【もえやんがゆく】”ど安定志向”だった自分が、セブ島ベンチャーで働いているなんて信じられない。Vananaz CEOインタビュー
Vananaz Systems Inc.で人事・採用広報を担当しているもえやんです!最近髪をばっさり切りました。
さて、今日は私がVananazの採用広報を勤めることになったきっかけを作ってくれた、VananazCEOの中薗(なかぞの)にインタビューをしてきました!Founderの中尾とは全く異なる性格のCEO中薗のインタビュー、必見です。
プロフィール
CEO 中薗拓巳
九州大学大学院卒業後、大手電機メーカーに入社。インフラエンジニアとして自社ソフトのクラウドサービス化、デプロイの自動化などを担当。その後、高専時代の友人である中尾に誘われ、VananazのCOOに。2019年12月より現職。組織マネジメントが本分だが、プログラミングもバリバリこなす。人狼が引くほど好き。
もともと、”ど安定思考”。大企業に入れば勝ちだと思っていた。
ー中薗さんの経歴を教えてください。
地元の高専に入学し、非常に真面目に勉強していました。自慢じゃないんですが、成績が「優、良、可」で評価されるところを、卒業までの5年間で95%以上が「優」だったんです。真面目に勉強していたこともあって、推薦で大学へ進学しました。
高専時代に真剣に勉強していたものの、自分の思い通りにならないところが嫌で、プログラマーにはなりたくないなと思っていました。科目の中でも数学が得意だったという理由で数学系の学科に進学したのですが、周りが本当にぶっ飛んだ頭のいい人ばかりで、全然追いつけなくて。推薦入学だったので、自分の実力が伴わないまま大学に放り込まれたようなうしろめたさを持つようになりました。

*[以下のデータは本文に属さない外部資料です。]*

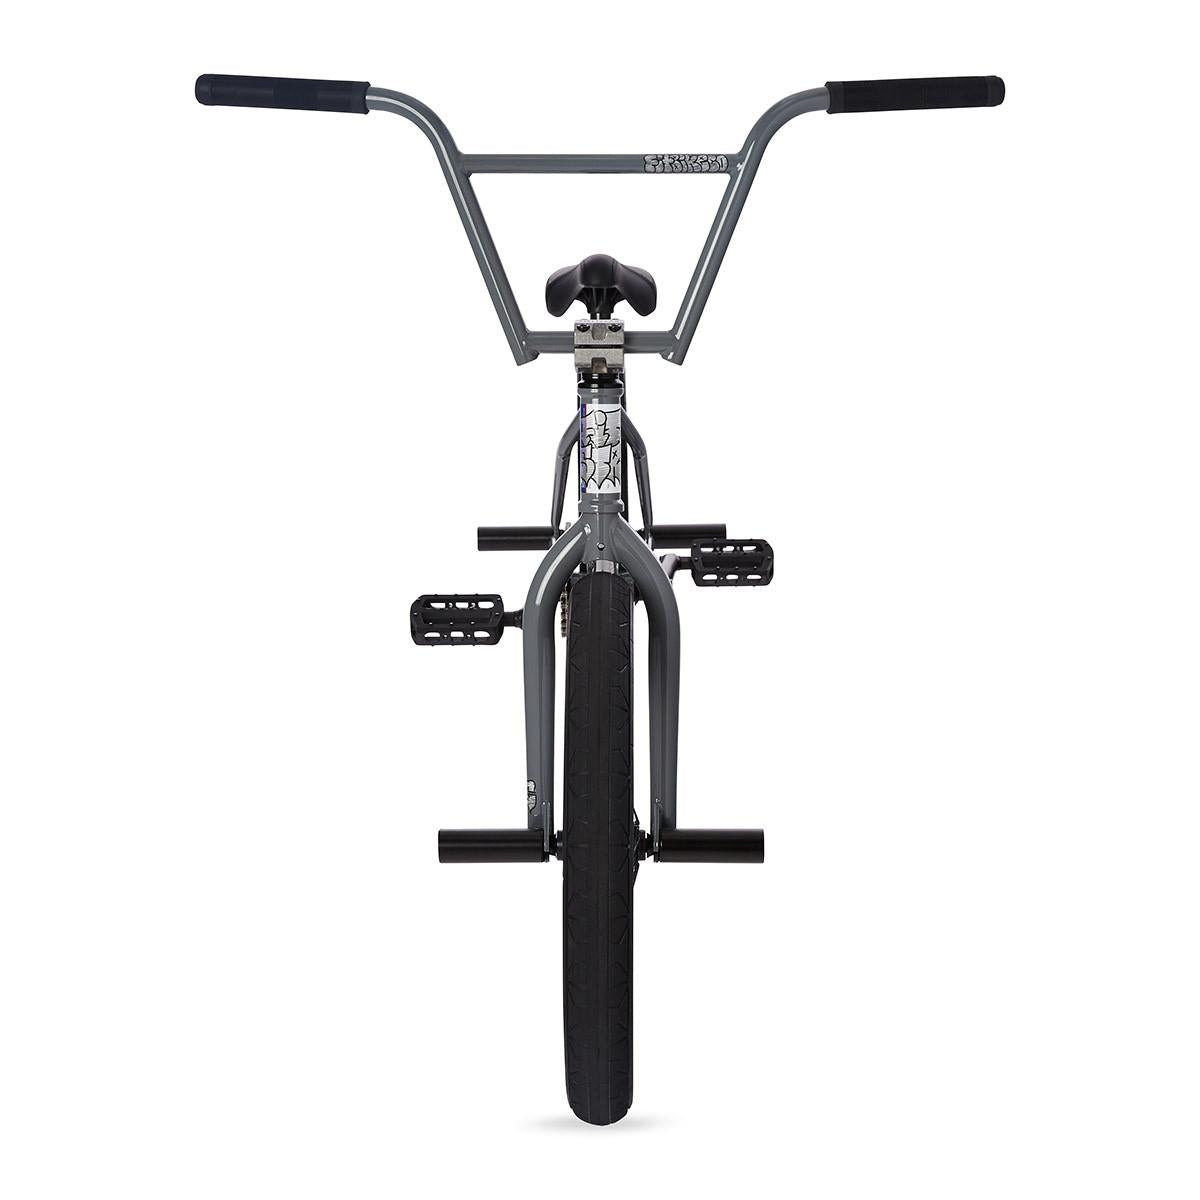 Fit STR Freecoaster (MD) BMX Vélo

加えて、高専時代に真面目に勉強していた分、「大学は遊ぶところだ!」と思っていて、勉強よりもアルバイトをして、いわゆる「飲みサー」に入って、勉強はそこそこに大学生活をエンジョイしていました。
ー今の中薗さんからはあまり考えられないですね!(笑)
そうですね…。大学時代を過ごしてみて、やっぱりプログラマーとして働きたいなと思うようになり、大学院に進学して機械学習アルゴリズムの研究をしていました。2年生のときに大学院で研究していた内容と絡めて、ビッグデータを取り扱うことができるような企業に就職したいなと考えるようになりました。また、いわゆる「大企業」と言われる企業に内定をもらうことをゴールにして就活をはじめました。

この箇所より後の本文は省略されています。